In Thomason et al. v. Haskell National Bank, 56 S.W.2d 242 (Tex.Civ.App.—Amarillo, 1938), Thomasons sought to change venue to their domiciliary county from the county of Haskell, where the note sued upon was payable. Mr. Thomason alleged he was an accommodation maker and the note was extended without his knowledge. Our Court held that the question of release of Thomason by an extension of the note without any consideration moving to him was a matter affecting the validity of the contract sued upon and could not enter into the trial of the issues presented by the plea of privilege.

In Perkins v. Super-Cold Southwest Co., 241 S.W.2d 311 (Tex.Civ.App.—Dallas, 1951, writ dism’d), the Dallas Court said: “It [the note] was payable in Dallas County. The proof that it was superseded by another note and contract was defensive matter. Defensive matter has no proper place in a venue hearing.” In any event our Supreme Court has held: “It is * * * [a] well-known principle of the law that, in the absence of an express agreement to the contrary by the creditor, the acceptance of the note by one or more joint obligors bound for a pre-existing debt is not a payment thereof, and does not release other joint obligors who did not sign the note.” Frost et al. v. First State Bank & Trust Co. of Mineral Wells, 276 S.W. 222 (Tex. Comm’n App., Sec. B, 1925, opinion adopted). See also Hill v. Texas Trust Co. of Austin, 236 S.W. 767 (Tex.Civ.App.—Austin, 1922, no writ); Magee v. First State Bank of Chilton, 13 S.W.2d 947 (Tex.Civ.App.—Waco, 1929, no writ).

Our Supreme Court has said: “ * * in the absence of evidence showing that the parties intended to extinguish the original indebtedness by the execution of renewal *454notes, it will remain in full force and effect.” Chapman et al. v. Crichet, 127 Tex. 590, 95 S.W.2d 360, 96 S.W.2d 64. In our case the oral testimony shows the direct opposite. Such testimony also shows the execution of the original note upon which appellant was a maker and the deed of trust securing its payment. The note, deed of trust and original petition were introduced into evidence and are in the records as exhibits.
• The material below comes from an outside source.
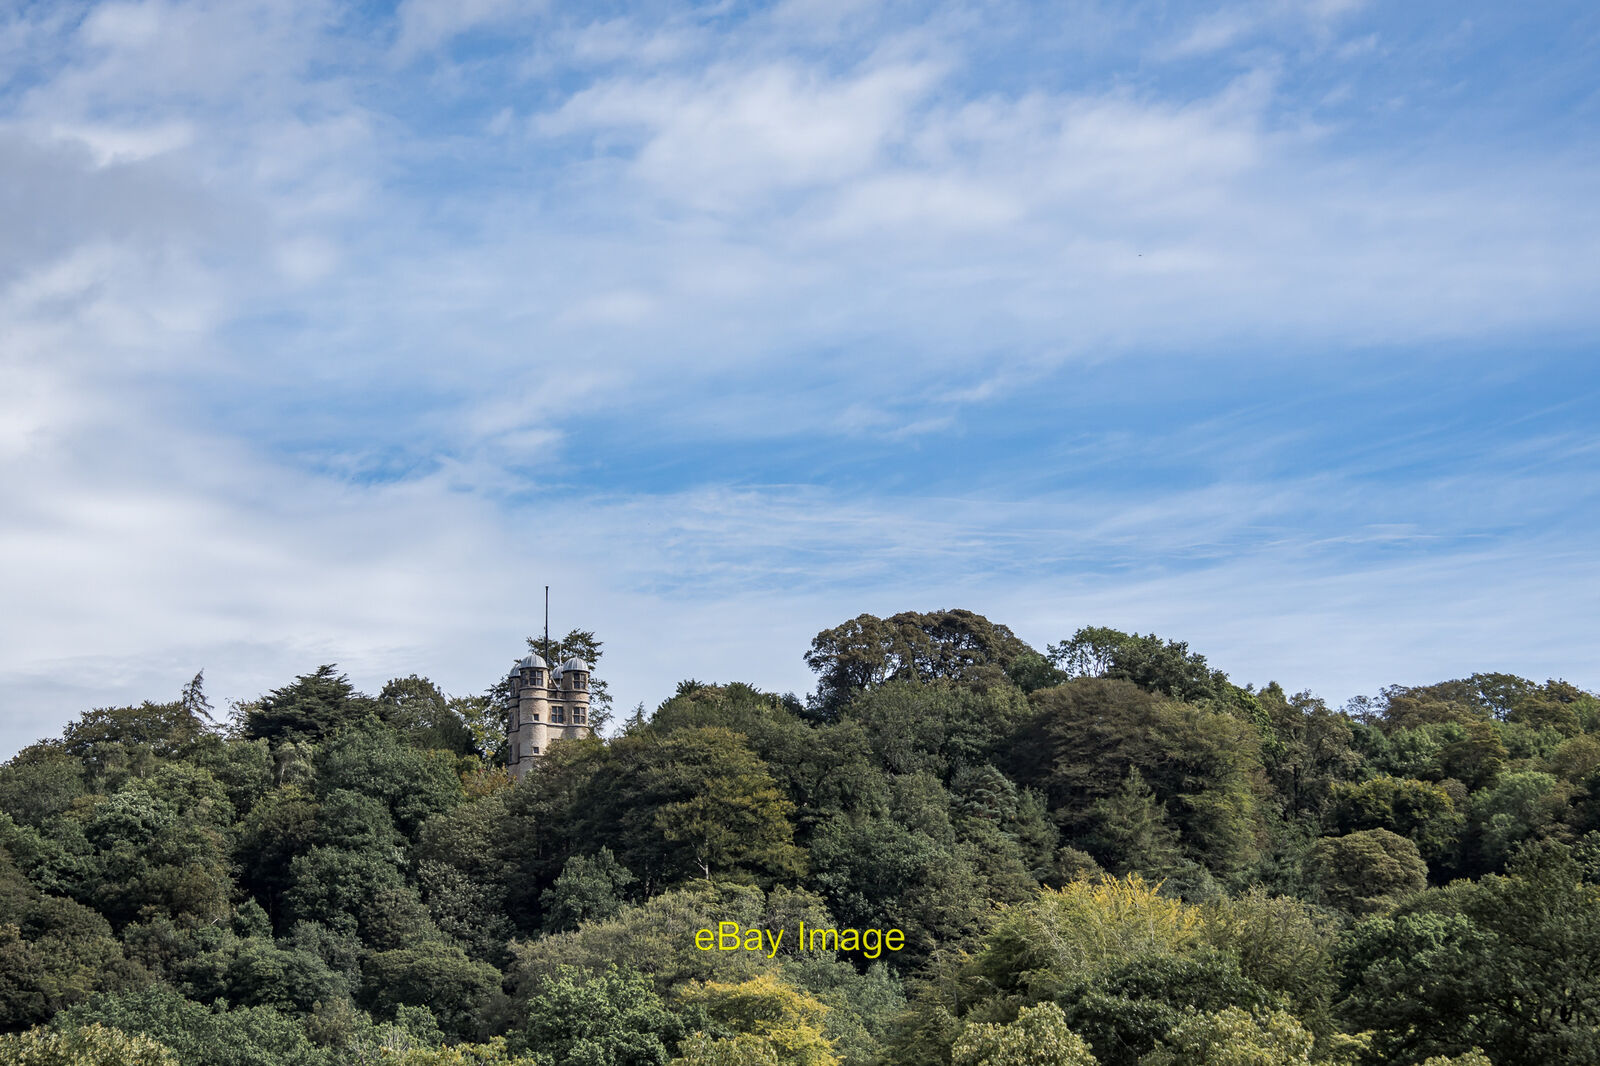 Photo 6x4 Hunting Tower, Chatsworth House Edensor On the hills of the eas c2019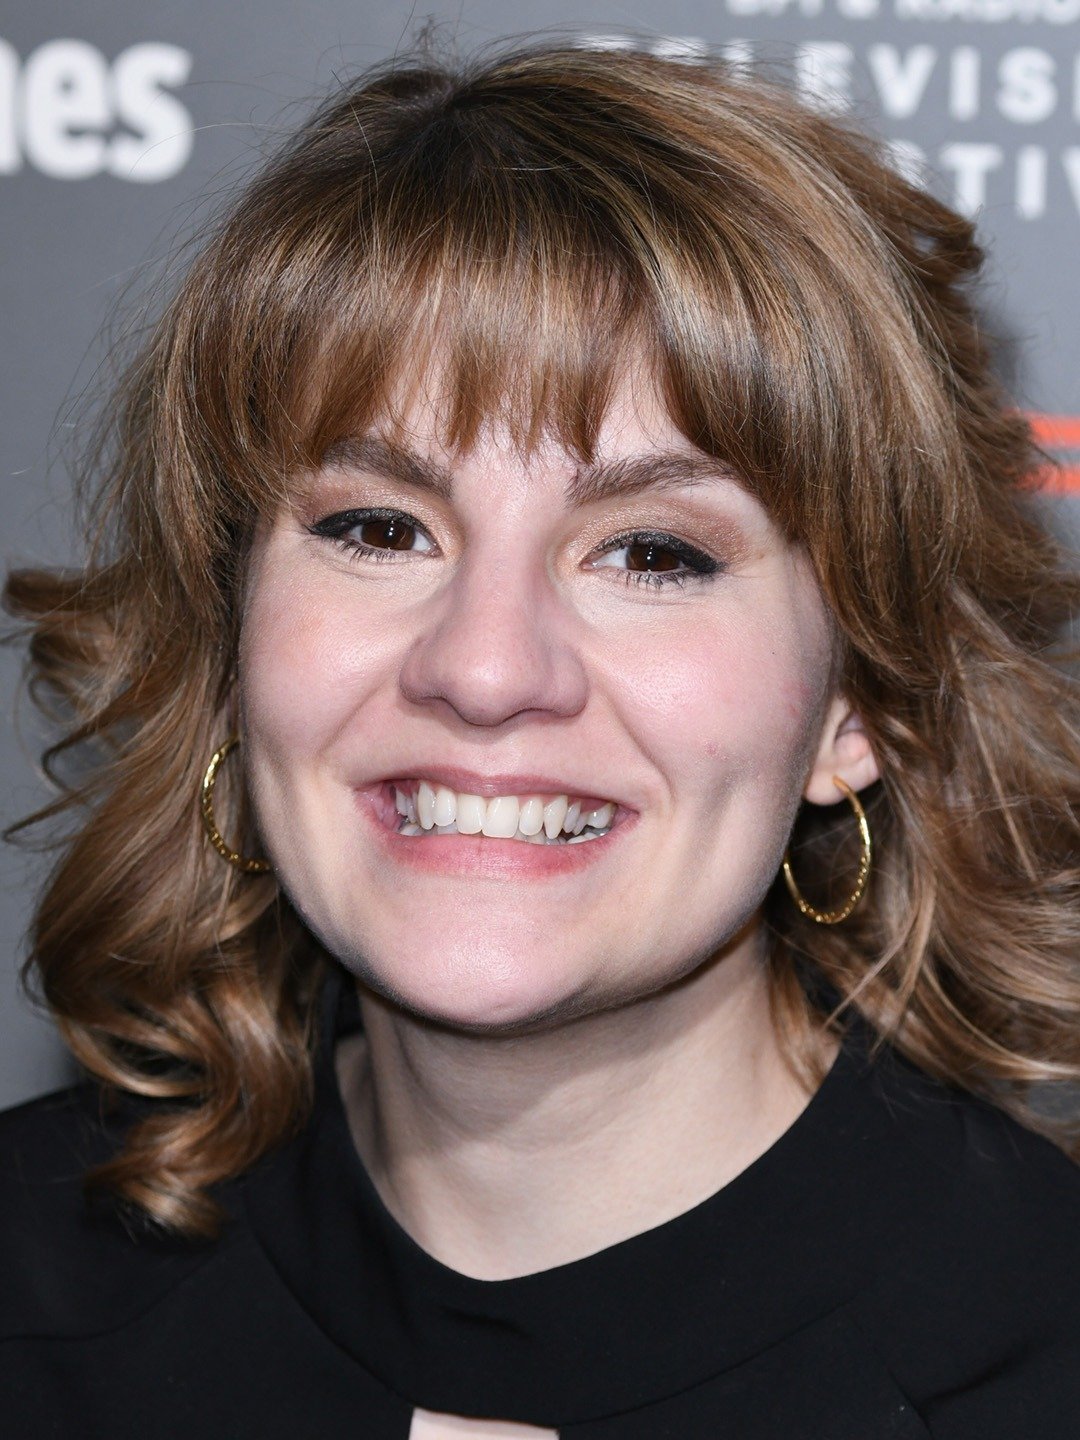 Is Actress Ruth Madeley Married To Joe Lawrence?

The Supreme Court in the Crichet case also held: “The extension of the maturity of the notes while Crichet was primarily bound, even if made without his consent, would not release him,” citing Rowe v. Massey, 54 S.W.2d 1094, 1097 (Tex.Civ.App.—Dallas, 1932, writ refused).

Accordingly, we hold the trial court correctly refused the application for change of venue. The judgment of the trial court is affirmed.